I'm astonished that so many have never heard of *Watership Down *by Richard Adams, especially as it was among the many influences that first brought about furry fandom in the 80's.  It was published in the mid-70's and immediately struck a chord with readers, flying to the top of the book charts for several months.  The animated movie followed a couple of years later and was amazingly faithful to the novel (a few things were altered for the sake of telling the tale visually -- some things that work well in prose don't really translate well in film).  Despite the fact that the protagonists were anthropomorphized rabbits, the book was aimed at an adult audience, which is probably why it was so successful.  It's since been acknowledged as a bonafide classic.
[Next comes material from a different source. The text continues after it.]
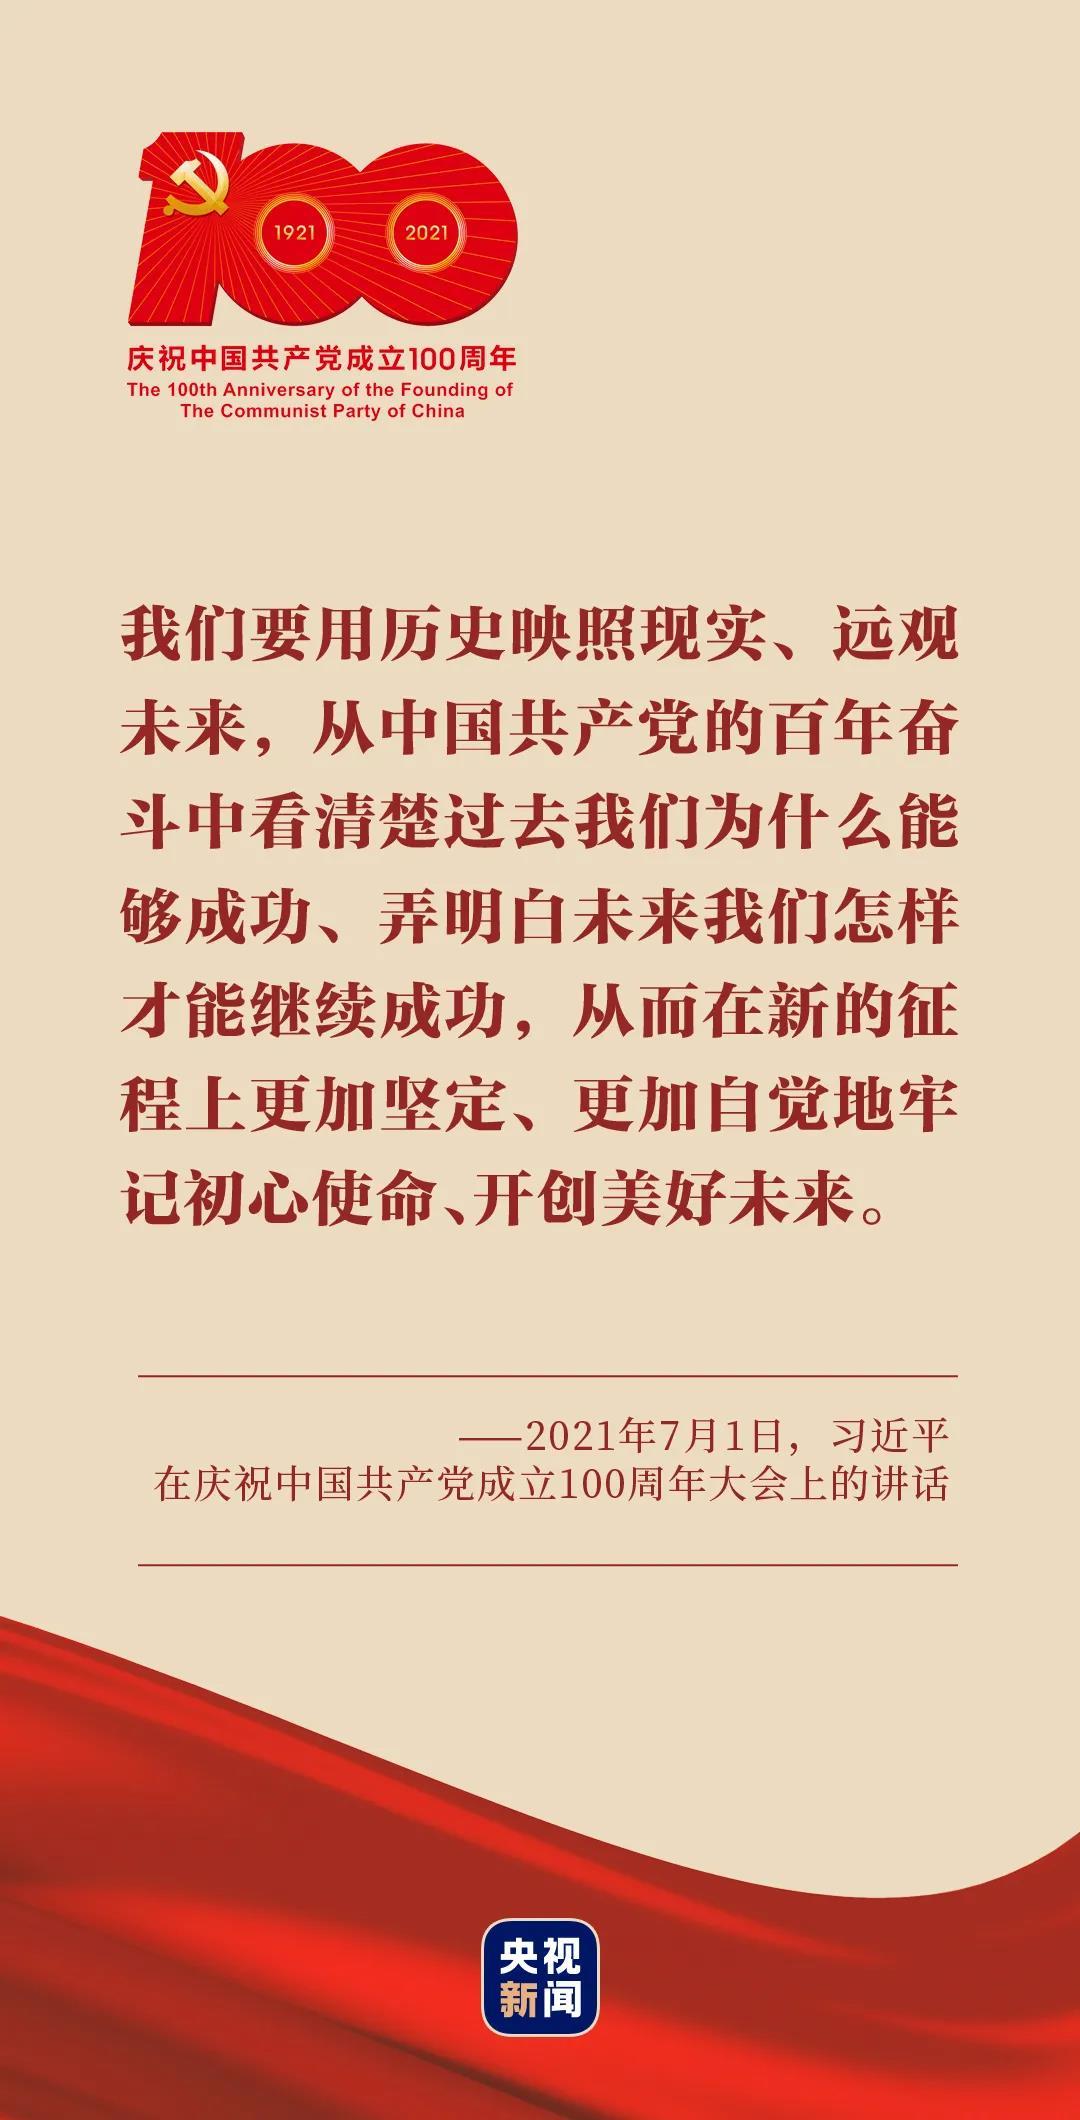 赢咖3平台注册:大党丨百年史诗 精神为源(图7)

Adams wrote other novels that did well, such as: *Tales From Watership Down*, a sequel collection of short stories; *Plague Dogs*, a much grimmer tale about dogs used as lab specimens as seen from the dogs' POV, and which was also made into an animated film by the same animators; and *Shardik*, about a medieval hunter seeking a confrontation with God's avatar, a giant bear.  All excellent reads and all recommended.


----------



## Gavrill (Sep 11, 2010)

I watched the Watership Down movie, as well as Plague Dogs.


----------



## BasementRaptor42 (Sep 11, 2010)

cpam, were you trying to link the bold text? If so, you failed.


----------



## SnowFox (Sep 11, 2010)

BasementRaptor42 said:


> cpam, were you trying to link the bold text? If so, you failed.


 
But if he was trying to Wolf-Bone his post, he succeeded quite well.


----------



## cpam (Sep 11, 2010)

BasementRaptor42 said:


> cpam, were you trying to link the bold text? If so, you failed.


 
I wasn't trying to link the bold text; I was only making the bold text... bold.


----------



## PenningtontheSkunk (Sep 11, 2010)

That story book I died a little inside. Very sad book it is.


----------



## Riley (Sep 11, 2010)

RageDragon said:


> OH YOUR WHORE ASS CAN BURN IN HELL!1
> j/k<3
> 
> Actually, a lot of the welps in this community would of never heard of Watership Down nor would they even know of the horrorific bloody movie that spawned it. Still, if you've never watched the "Secret of Nihm" I really will have to call you a whore and burn you at the stake. D:


 
If you've never watched The Secret of NIHM, you should keep it that way because it completely butchered an amazing story.


----------



## Shark_the_raptor (Sep 11, 2010)

I haven't read it either.  And I don't plan to.


----------



## DukeofDellot (Sep 11, 2010)

You know...  I've run a one-shot of the game, but never read the book.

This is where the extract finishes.